A logo for the Parking Hall of Fame featuring a blue and white color scheme, a parking sign, and gold laurel leaves.

Inductees

Donald Shoup - Parking Hall of Fame
Inaugural Class of 2026

Donald Shoup, Ph.D.

Distinguished Research Professor of Urban Planning — UCLA
Donald Shoup

Biography

Most people think parking is simple. Donald Shoup spent forty years proving them wrong — and changing the way cities think about land, money, and people in the process.

A professor of urban planning at UCLA, Shoup became the world's most influential thinker on parking policy. His central argument was deceptively straightforward: free and underpriced parking isn't free at all. Someone always pays — in higher rents, in sprawl, in congestion, in the slow decay of walkable urban life.

His landmark 2005 book, The High Cost of Free Parking, became one of the most cited works in urban planning.
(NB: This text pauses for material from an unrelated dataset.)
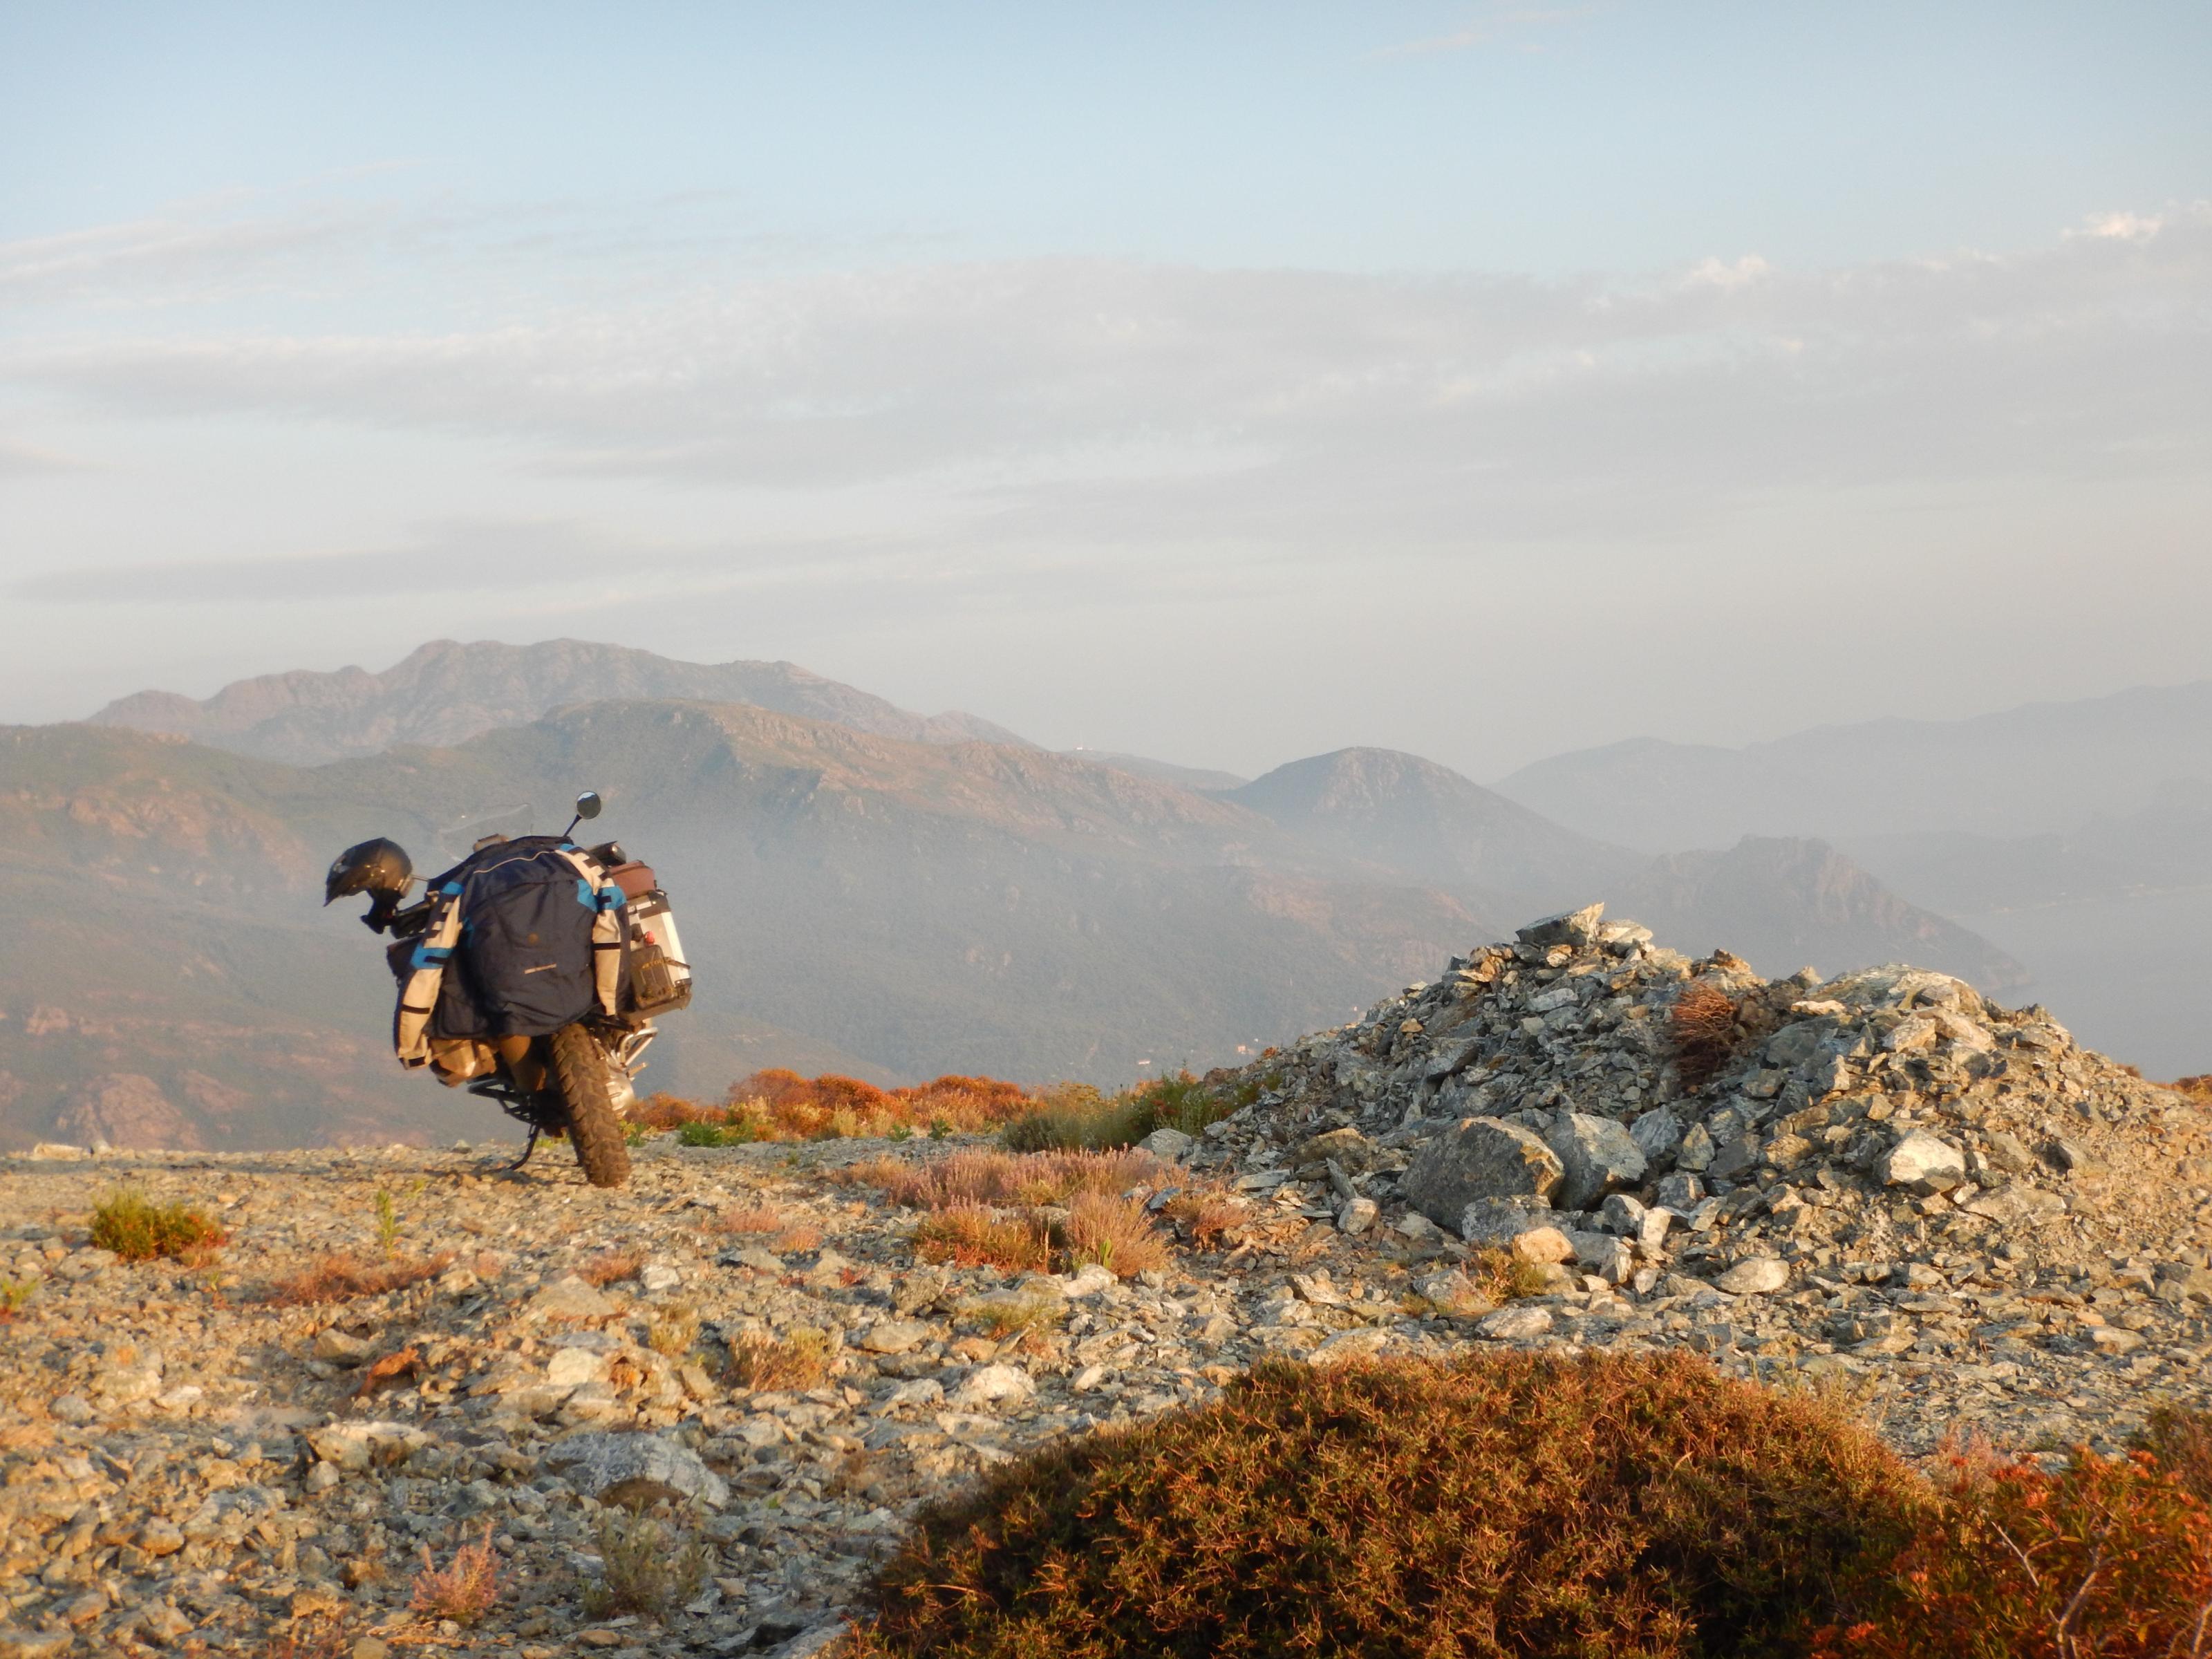 2016-07-05-korsika-plateau-natur-14-.jpg

It argued for removing minimum parking requirements, charging market-rate prices for curb parking, and returning that revenue to the neighborhoods that generate it. City after city has since adopted his ideas — from San Francisco to London to cities that had never heard his name, but now live by his principles.

He was known as a teacher and mentor of extraordinary generosity, shaping generations of planners and economists who carried his ideas into practice around the world. When a book was proposed celebrating his life, he redirected it — suggesting it focus on ideas and reforms instead. That modesty was entirely in character.

Donald Shoup passed away before this evening, but his ideas are very much alive — in every city that has rethought its relationship with the parking space.

Please welcome Donald Shoup into the Parking Hall of Fame.